Dans la première lecture, le prophète Isaïe annonce que le grand projet de Dieu est d’inviter tous les humains autour de la même table pour partager sa joie. Dieu ne se lasse pas de nous inviter. Sa générosité dépasse tout ce que nous pouvons imaginer, il donne en abondance.

« Le Seigneur, Dieu de l’univers, dit Isaïe, préparera pour tous les peuples, un festin … Il fera disparaitre le voile de deuil … Il fera disparaitre la mort pour toujours … Il essuiera les larmes sur tous les visages. » Frères et sœurs, nous ne pouvons qu’éprouver une grande joie devant cette prophétie ! Devant ce beau message d’espérance !

S’asseoir à la même table, partager le même repas, faire la fête ensemble, c’est aussi une image de paix et d’unité. Une paix et une unité que nous sommes appelés à déjà mettre en œuvre aujourd’hui autour de nous. Une paix et une unité déjà donné par le Seigneur, comme nous le rappelle le psalmiste, pour ceux et celles qui mettent leur confiance en lui, qui se laissent guider par lui sur les justes chemins, qui traversent avec lui les ravins de la mort, les apprêtés de la vie. Lui seul peut nous faire revivre et nous procurer grâce et bonheur à chaque jour de la vie.

Dans la parabole de l’évangile, Jésus nous dit que Dieu, son Père et notre Père, nous invite également à sa table et que le Royaume des cieux est comparable à un repas de noce. Voilà une belle image pour représenter la vie de communion avec Dieu à laquelle nous sommes appelés. Un repas de noce évoque le partage, la joie d’être ensemble, l’amitié partagée, l’affection manifestée aux jeunes époux. C’est un moment fort de la vie. Et nous sommes invités par Dieu à entrer dans cette joie.

Dans cette parabole, les premiers invités de la noce ont décidé de décliner l’invitation. Ils ont refusé de suspendre leurs activités quotidiennes. Ils sont attachés à leurs préoccupations immédiates, trop pris dans une logique de rentabilité de leur possession. Ils ont jugé n’avoir pas de temps à perdre à aller à la noce. Et ces invités sont restés sourds à l’appel de Dieu car ils ne croient pas au sérieux et à la vérité de l’invitation à l’amour qu’il leur est faite.
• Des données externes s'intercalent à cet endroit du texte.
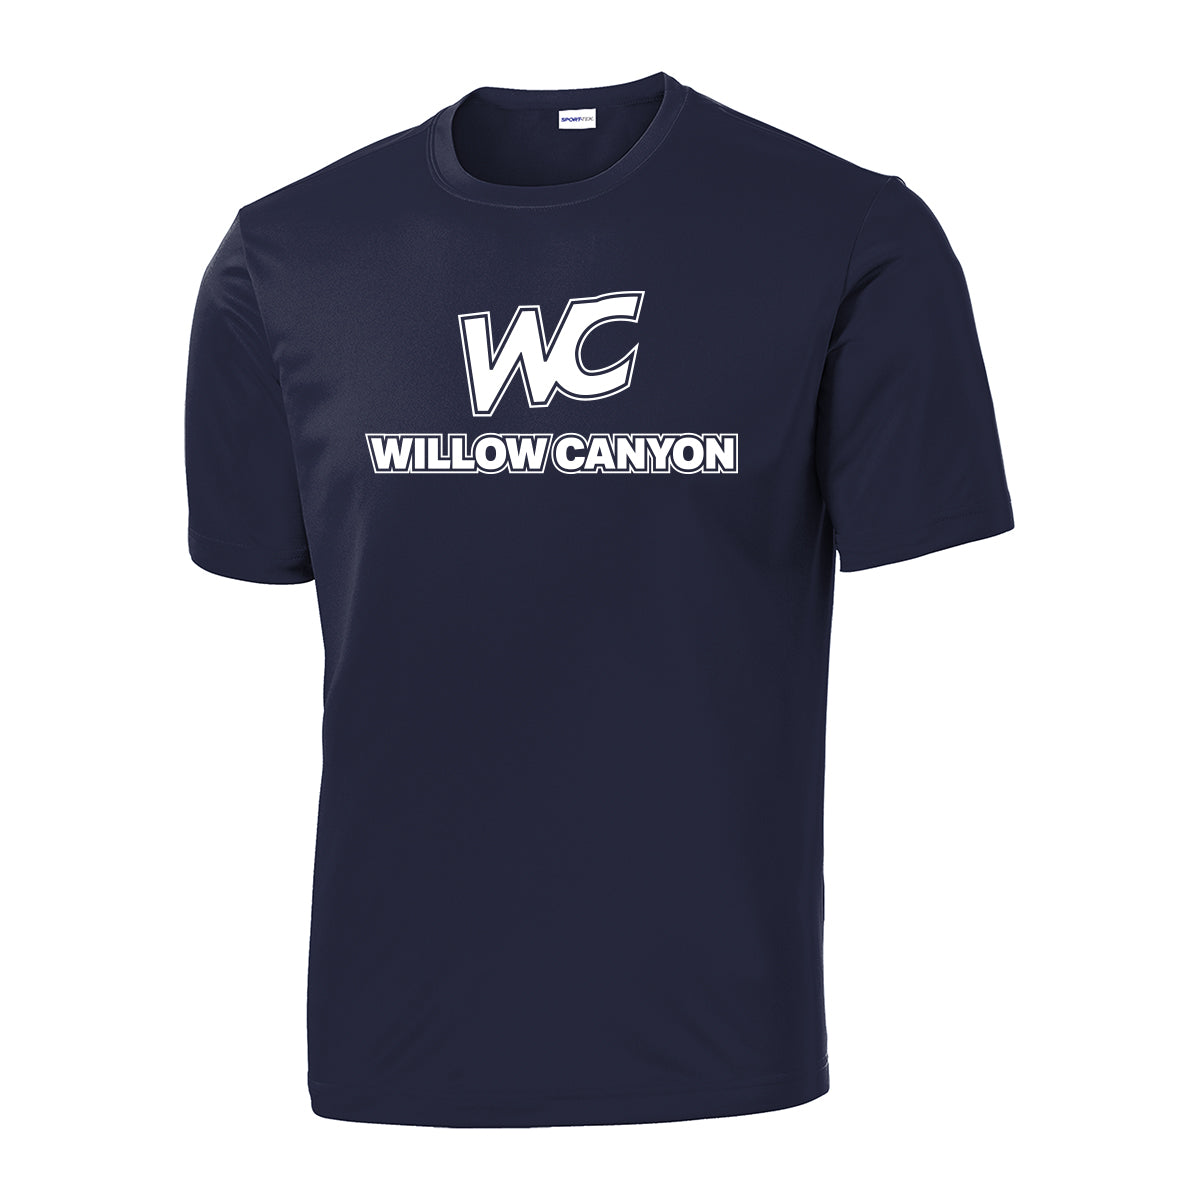 Willow Canyon Dri Fit Tee

Pourtant, cette invitation à participer à la noce du Fils n’est pas optionnelle. Elle est la condition pour accéder à notre propre vie.

Mais Dieu, loin de se décourager, continue à lancer son invitation à ceux qui n’ont pas d’attaches. Et eux vont répondre. Les délaissés, les déshérités, les laisser pour compte, répondent présents à l’invitation de Dieu à entrer dans sa joie. Ceux que le monde délaisse viennent à lui avec confiance. Parce qu’ils n’ont rien, ils peuvent tout accueillir. Ils n’en croient pas leurs yeux : l’amour de Dieu les a rejoints. Leur vie a du prix pour Dieu.

Nous trouvons souvent nous aussi, comme les invités de la première heure, de bons prétextes pour décliner son invitation et nous avons tendance à nous accrocher à ce que nous possédons. La parabole nous invite à changer notre regard et à entrer dans la perspective de l’invitation de Dieu à nous défaire de nos attaches. Chacun et chacune nous pouvons entendre son appel ; à nous d’y répondre dans notre liberté.

Et en même temps, nous sommes nous aussi ces invités de la dernière heure, de la dernière chance pourrait-on dire. Nous sommes nous aussi ces anonymes et ces marginalisés qui ont vécu l’errance, habité les marges et qui se sont tenus du côté de la mort. C’est là que nous pouvons rencontrer le Christ vivant qui est descendu aux enfers pour nous en extraire!

Frères et sœurs, nous sommes tous, à la fois ces invités qui se dérobent et ces inconnus recueillis in extremis sur la route. Dieu nous rejoint là où nous sommes, car nous avons chacun, chacune, du prix à ses yeux. Il nous aime et il veut notre bonheur en nous appelant à la vie. À nous de répondre librement à son amour.

Et Dieu nous invite tout particulièrement à le rejoindre lorsque nous nous tenons à des carrefours. La croisée des chemins évoque les moments clé dans nos vies où nous ne savons pas toujours où aller, quelle route prendre : nos épreuves, nos doutes, nos craintes, nos moments de choix difficiles. Dieu nous invite, au cœur de ces moments, à nous remettre à lui, à mettre toute notre confiance en lui. Des moments où nous sommes peut-être plus susceptibles d’entendre cet appel du Seigneur à le rejoindre et à le suivre.

La croisée des chemins évoque également un lieu de passage où nous sommes davantage susceptibles de rencontrer les autres. C’est l’endroit propice à l’accueil de ceux et celles qui croisent notre vie ; un endroit de disponibilité et d’hospitalité. Car c’est avec d’autres que Dieu nous appelle à partager sa joie.

À la fin de la parabole, Jésus mentionne l’importance des habits de noce que nous sommes appelés à revêtir pour nous présenter à Dieu. Cela signifie que nous sommes invités à habiller notre vie aux couleurs de l’Évangile et à habiller notre cœur de l’amour de Dieu. Pour le faire, il nous suffit de nous laisser gagner et transformer par l’Esprit de Dieu, l’Esprit de la joie, qui nous fait entrer en communion d’amour avec lui.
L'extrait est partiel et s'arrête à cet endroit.